Add an explicit section to the architecture doc covering these. They are stability features even when they don't fire.
---
## 8. Medium: dev logging interceptor
Logging every successful response in dev is fine, but two small upgrades:
1. **Sample or summarize** rather than logging full `data` payloads. Large list responses make the console unusable and hide the actual interesting events. `console.debug` (silenced by default in DevTools) is often a better choice than `console.log`.
2. **Guard against accidental production leakage** with a build-time assertion, not just `import.meta.env.DEV`. A misconfigured deploy that ships dev mode to production would log user data into browser consoles — minor but real privacy/compliance concern.
---
## 9. Low: polling intervals are scattered magic numbers
`10s`, `30s`, `30s`, `60s`, `60s` across five files. None are configurable. None share a constant. If product asks "can we double polling intervals across the board for a load test?", the answer requires touching five files and hoping you found them all.
Centralize:
```ts
// fe0/src/shared/config/polling.ts
export const POLL_INTERVALS = {
adminInbox: 10_000,
notificationsCount: 60_000,
notificationsList: 60_000,
adminOverview: 30_000,
aiHealth: 30_000,
} as const;
```
Bonus: makes it trivial to make them env-configurable later, and gives ops a single place to tune under load.
---
## 10. Low: thundering herd / no jitter
All polls fire at fixed intervals from mount time. With many admins logging in around the same wall-clock window (start of shift, morning standup), poll cycles tend to align. Adding ±1020% jitter to intervals smooths backend load with zero UX cost:
```ts
const jitter = (ms: number) => ms * (0.9 + Math.random() * 0.2);
refetchInterval: jitter(10_000)
```
Worth doing once you have more than a handful of concurrent admins.
---
## Suggested order of work
A pragmatic sequencing if the team can only do this incrementally:
1. **This week** — Delete one of the two `App.tsx` files. Set explicit `QueryClient` defaults. (Items 1.)
2. **Next sprint** — Audit `isFetching` consumers; introduce visibility-aware polling helper; replace `"always"` with `true`. (Items 2, 3, 4.)
3. **Following sprint** — Centralize polling intervals; document retry/timeout/auth policy and implement gaps; verify query key stability. (Items 5, 7, 9.)
4. **Quarter horizon** — Converge admin and council on one refresh strategy (invalidation primary, slow poll as safety net). Consider SSE if/when realtime becomes a product ask. (Item 6.)
---
## What's already good
To be fair to the existing design — the document describes several decisions that are correct and worth preserving:
- `placeholderData: (previous) => previous` to avoid table flicker is the right call.
- Invalidating `notifications-unread-count` after mutations rather than waiting for the next poll tick is exactly the pattern more of the app should follow.

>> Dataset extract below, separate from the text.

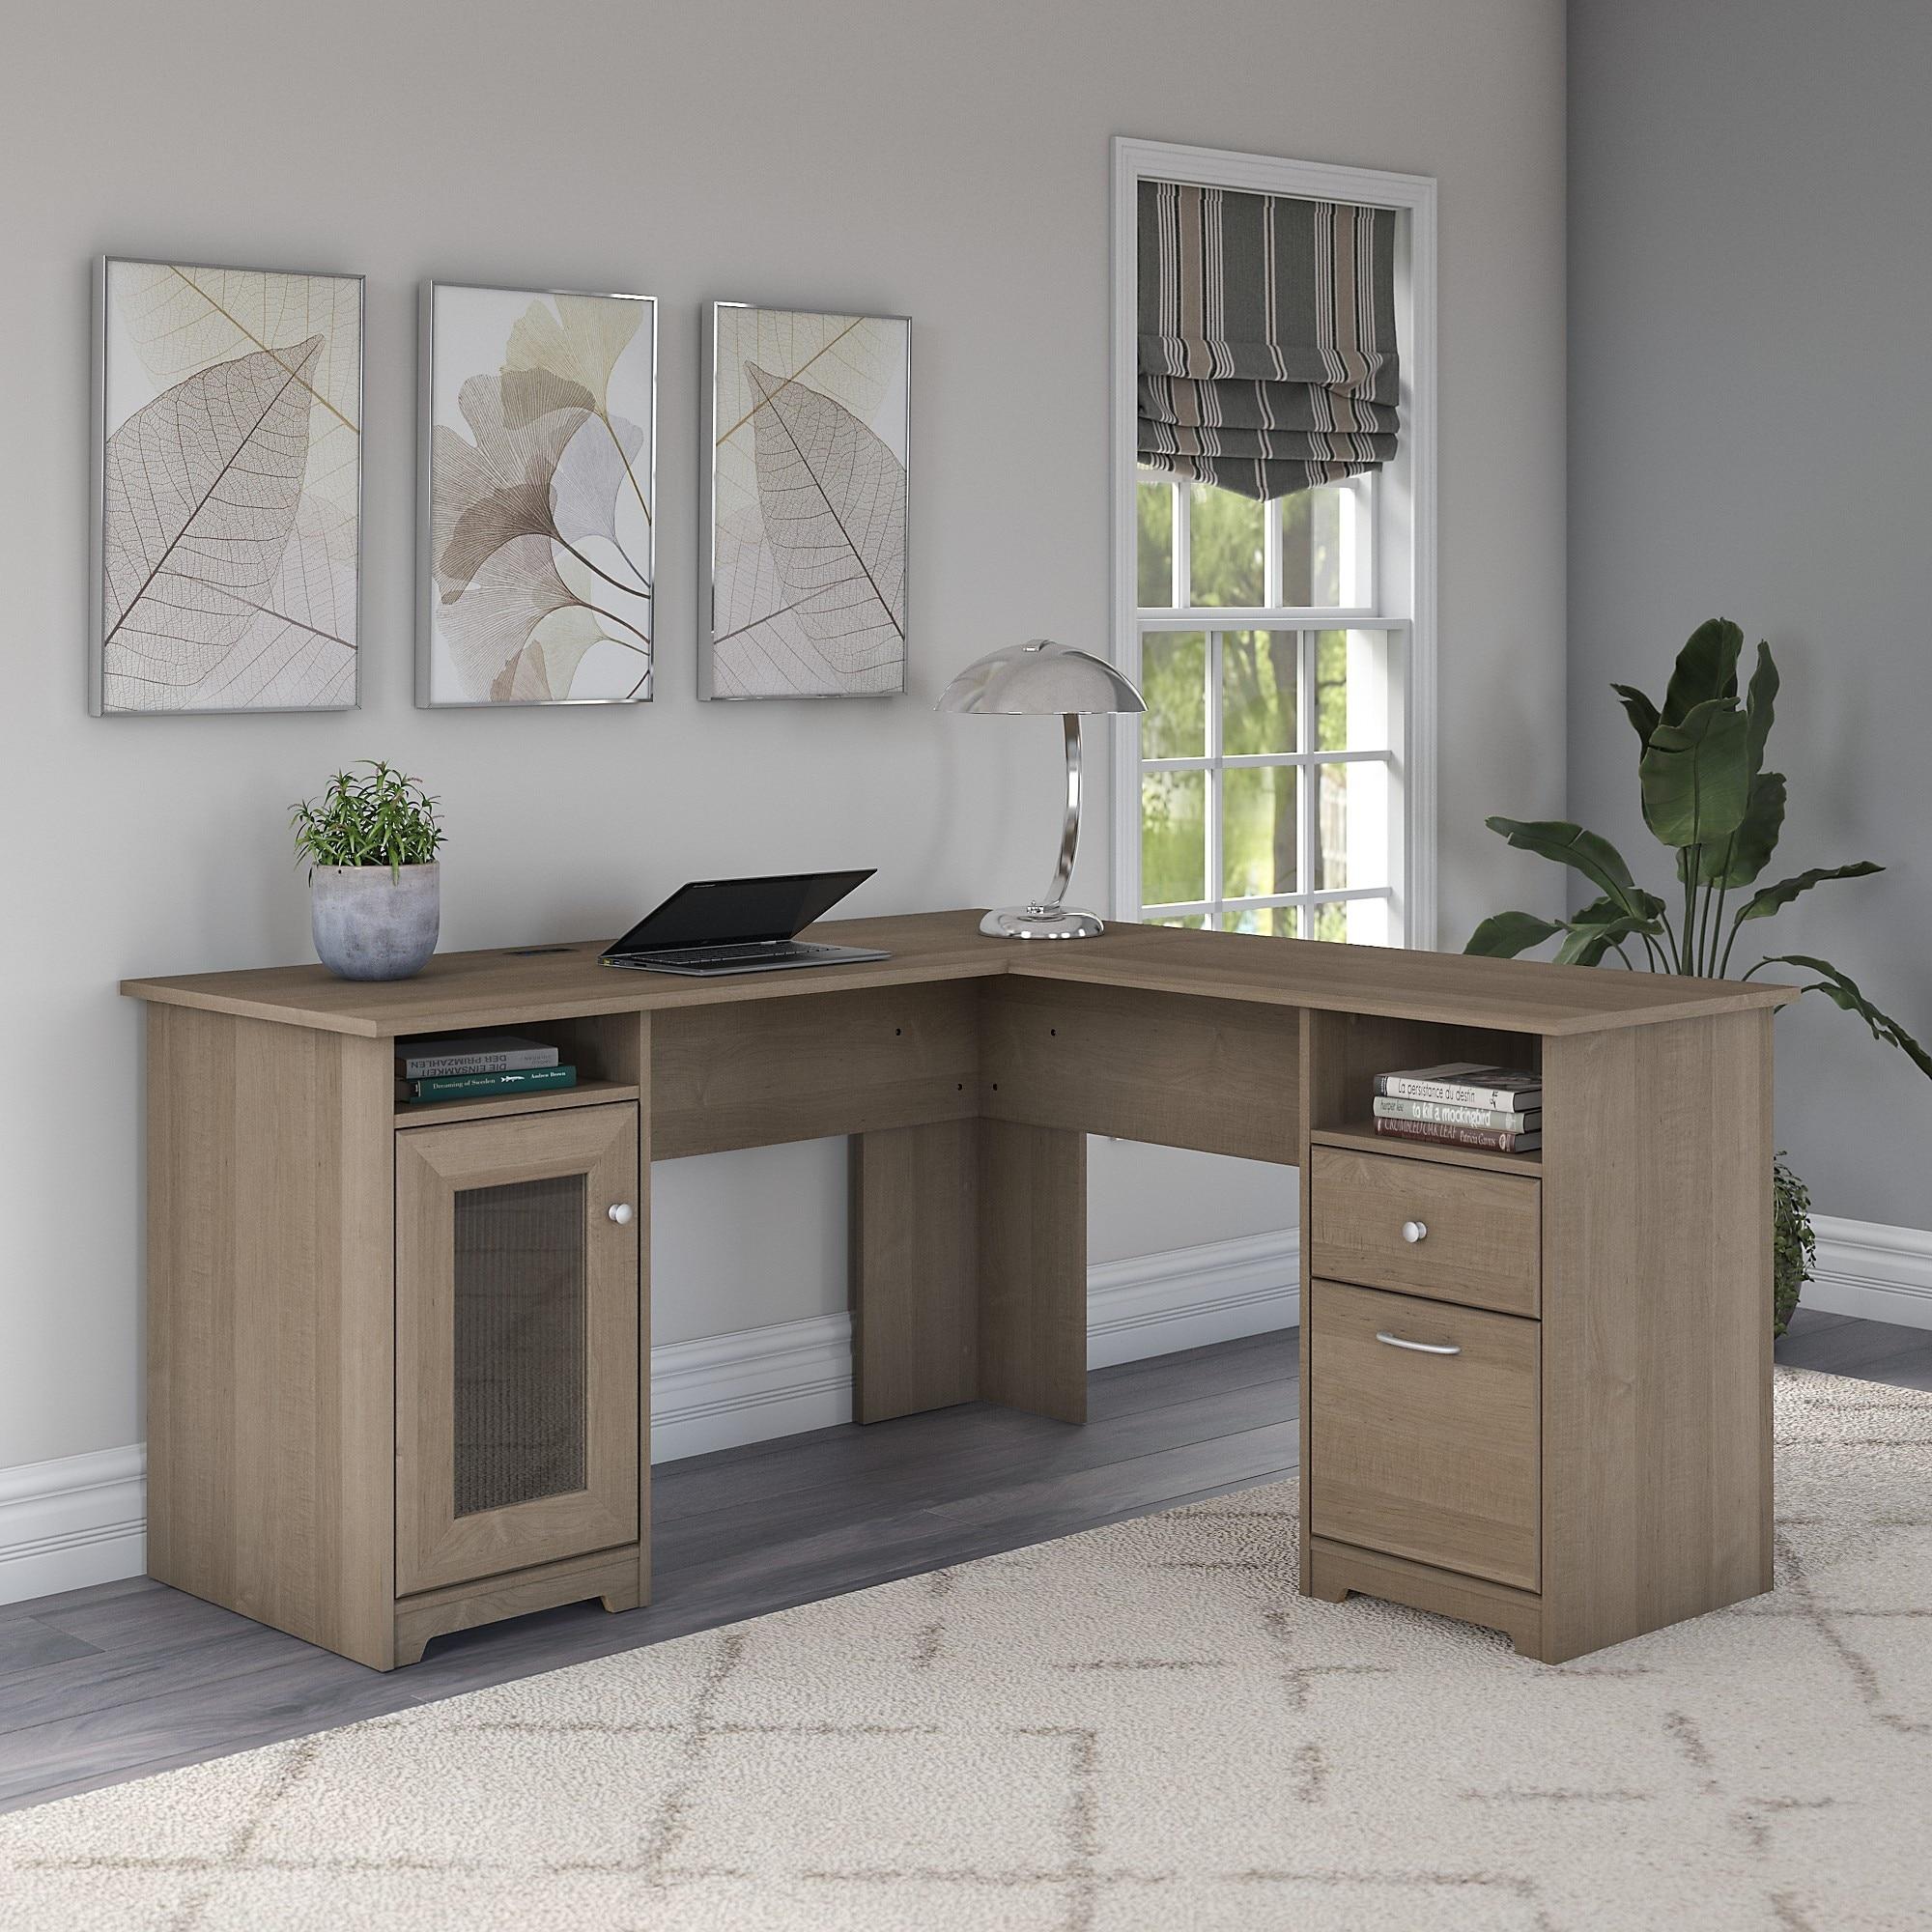 Copper Grove Burgas L Shaped Computer Desk On Sale Overstock 29167876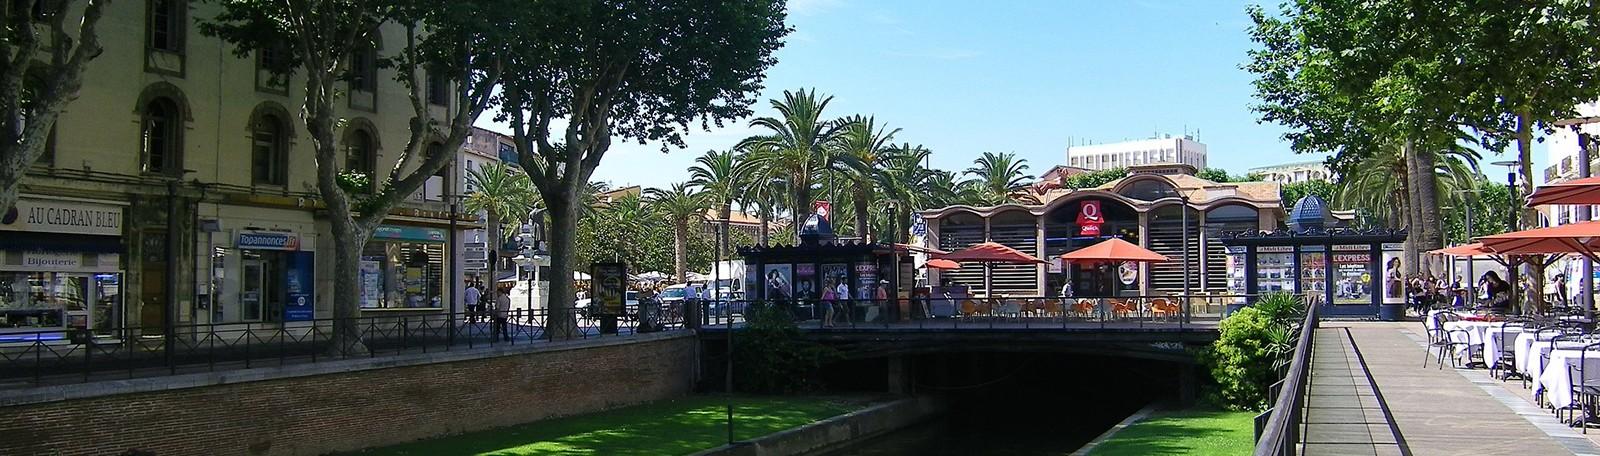 Car park Wilson - Park in Perpignan | Q-Park

- A single shared `apiClient` is a good foundation; the issues above are about what to put on top of it, not about replacing it.
- Documenting local-vs-cloud behavioral differences (latency hiding `isFetching` bugs) is the kind of institutional knowledge that usually only lives in people's heads. Keep doing this.
The bones are fine. The work is mostly about removing implicit behavior, consolidating duplicated patterns, and making polling polite.